Here, Judge Munson was informed by Galloway's attorney that he had explained the plea agreement and the indictment to Galloway. The Supreme Court in McCarthy v. United States, 394 U.S. 459, 22 L. Ed. 2d 418, 89 S. Ct. 1166 (1969), however, held that an attorney's representation that he explained a charge to the defendant is not enough to demonstrate that the defendant understands the nature of that charge. See id. at 466-67. Rather, a district court judge must personally question the defendant to confirm that he possesses the requisite understanding. Id. In making this inquiry, "[a] court is not required to follow any particular formula . . . ." United States v. Andrades, 169 F.3d 131, 135 (2d Cir. 1999). It is enough for the district court to "'describe the elements of the offense in the court's own words' or [to] 'provide that information by reading the indictment to the defendant where the pertinent count spells out the elements of the offense and the circumstances indicate that this will be sufficient.'" Id. (citations omitted). Finally, "if defendant's recitation of his own conduct insufficiently supports the relevant charge, then Rule 11(c)(1) nonetheless is satisfied where the charging instrument plainly describes the offense and defendant acknowledges that he read, understood, and discussed with his attorney that legal document." Id.

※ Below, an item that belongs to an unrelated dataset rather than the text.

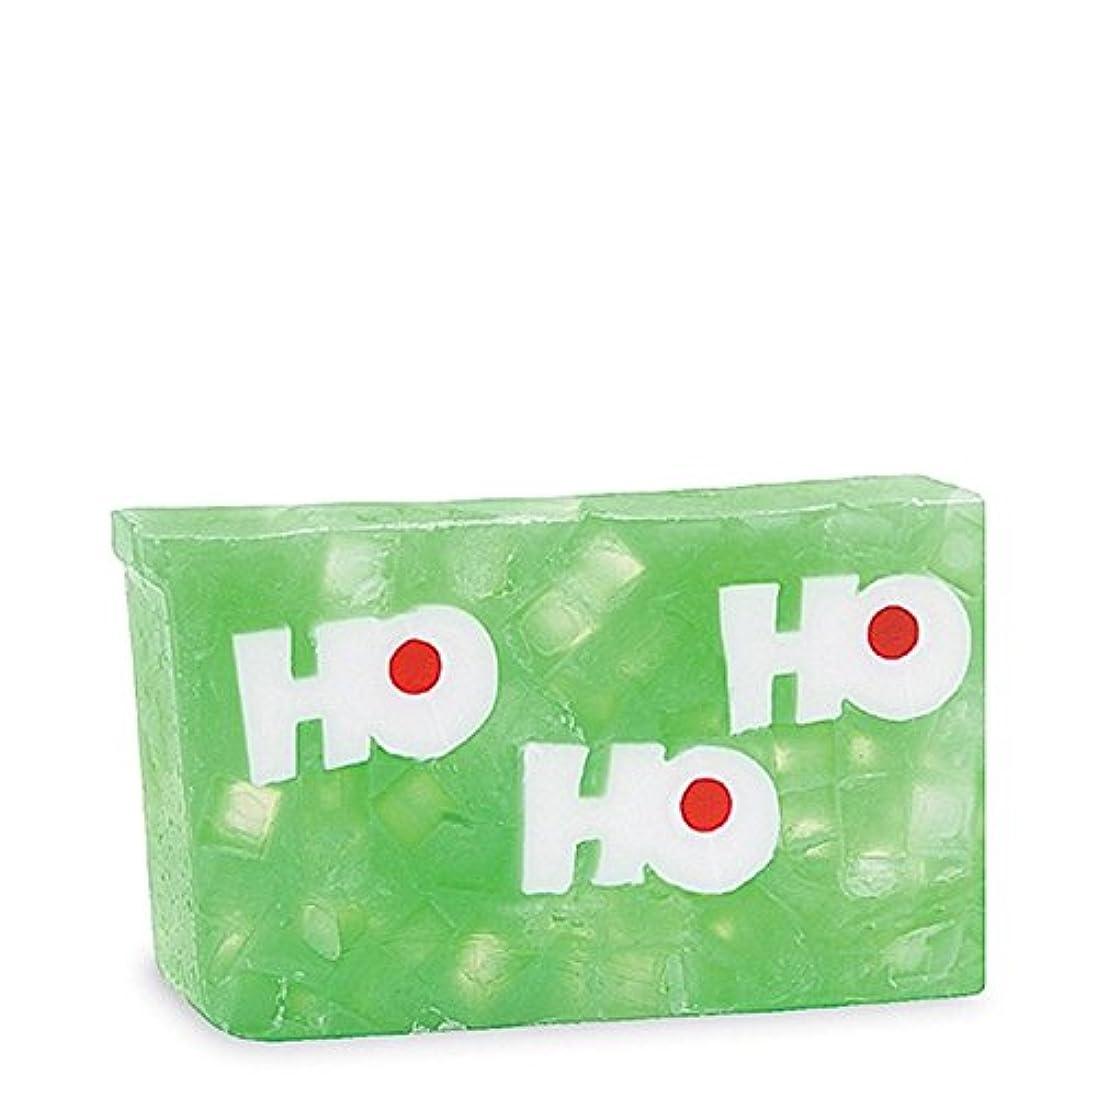 原初の要素ホーホーホ石鹸 x4 - Primal Elements Ho Ho Ho Soap (Pack of 4) [並行輸入品]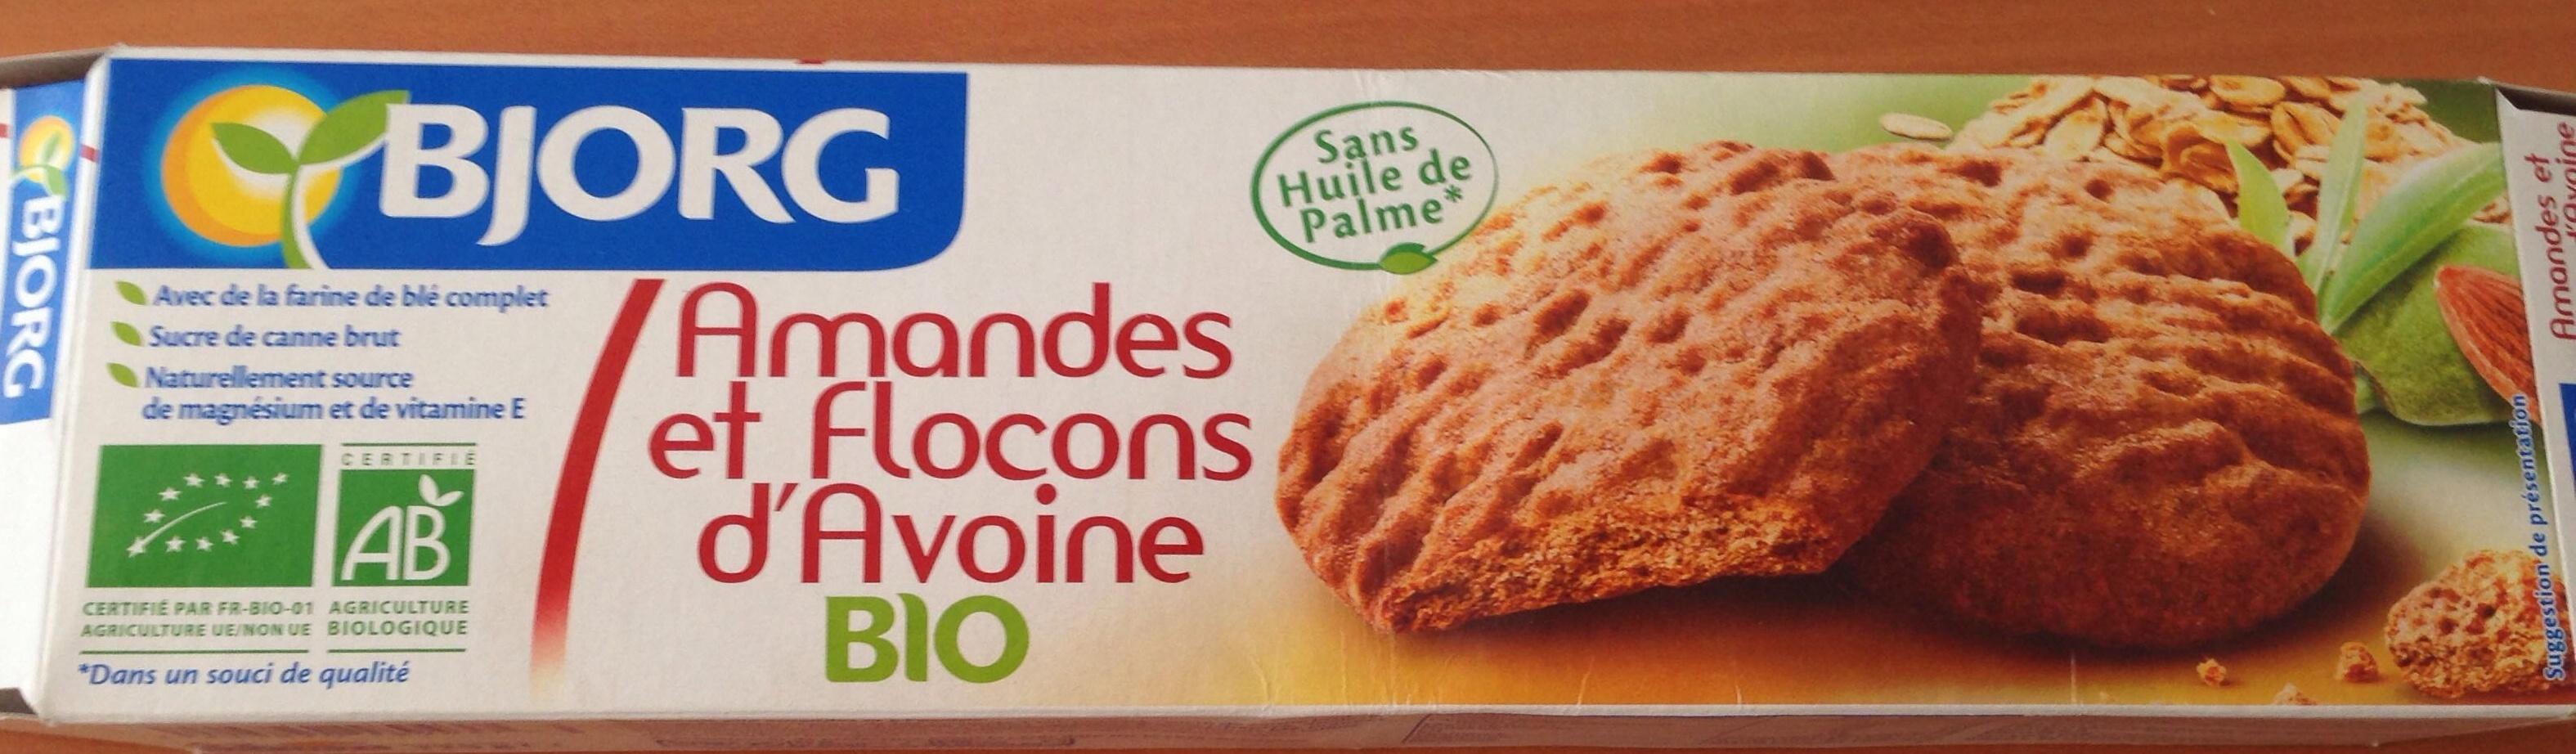 Amandes et flocons d 39 avoine bio bjorg 125 g 4 sachets for Amande cuisine bjorg

The district court here never asked Galloway whether he understood the nature of the offense to which he was entering a guilty plea. The court, moreover, did not itself explain the elements of the conspiracy to Galloway, nor did it read the indictment to him. Finally, the court did not ask the defendant to describe his participation in the offense, and the defendant therefore did not provide the court with sufficient information to establish that he understood the meaning of his plea. For these reasons, we are not satisfied that Galloway's guilty plea was knowing, intelligent and voluntary, and we will not enforce the provision of the plea agreement waiving Galloway's right to appeal.
For the above reasons, the judgment of conviction is VACATED and the case REMANDED.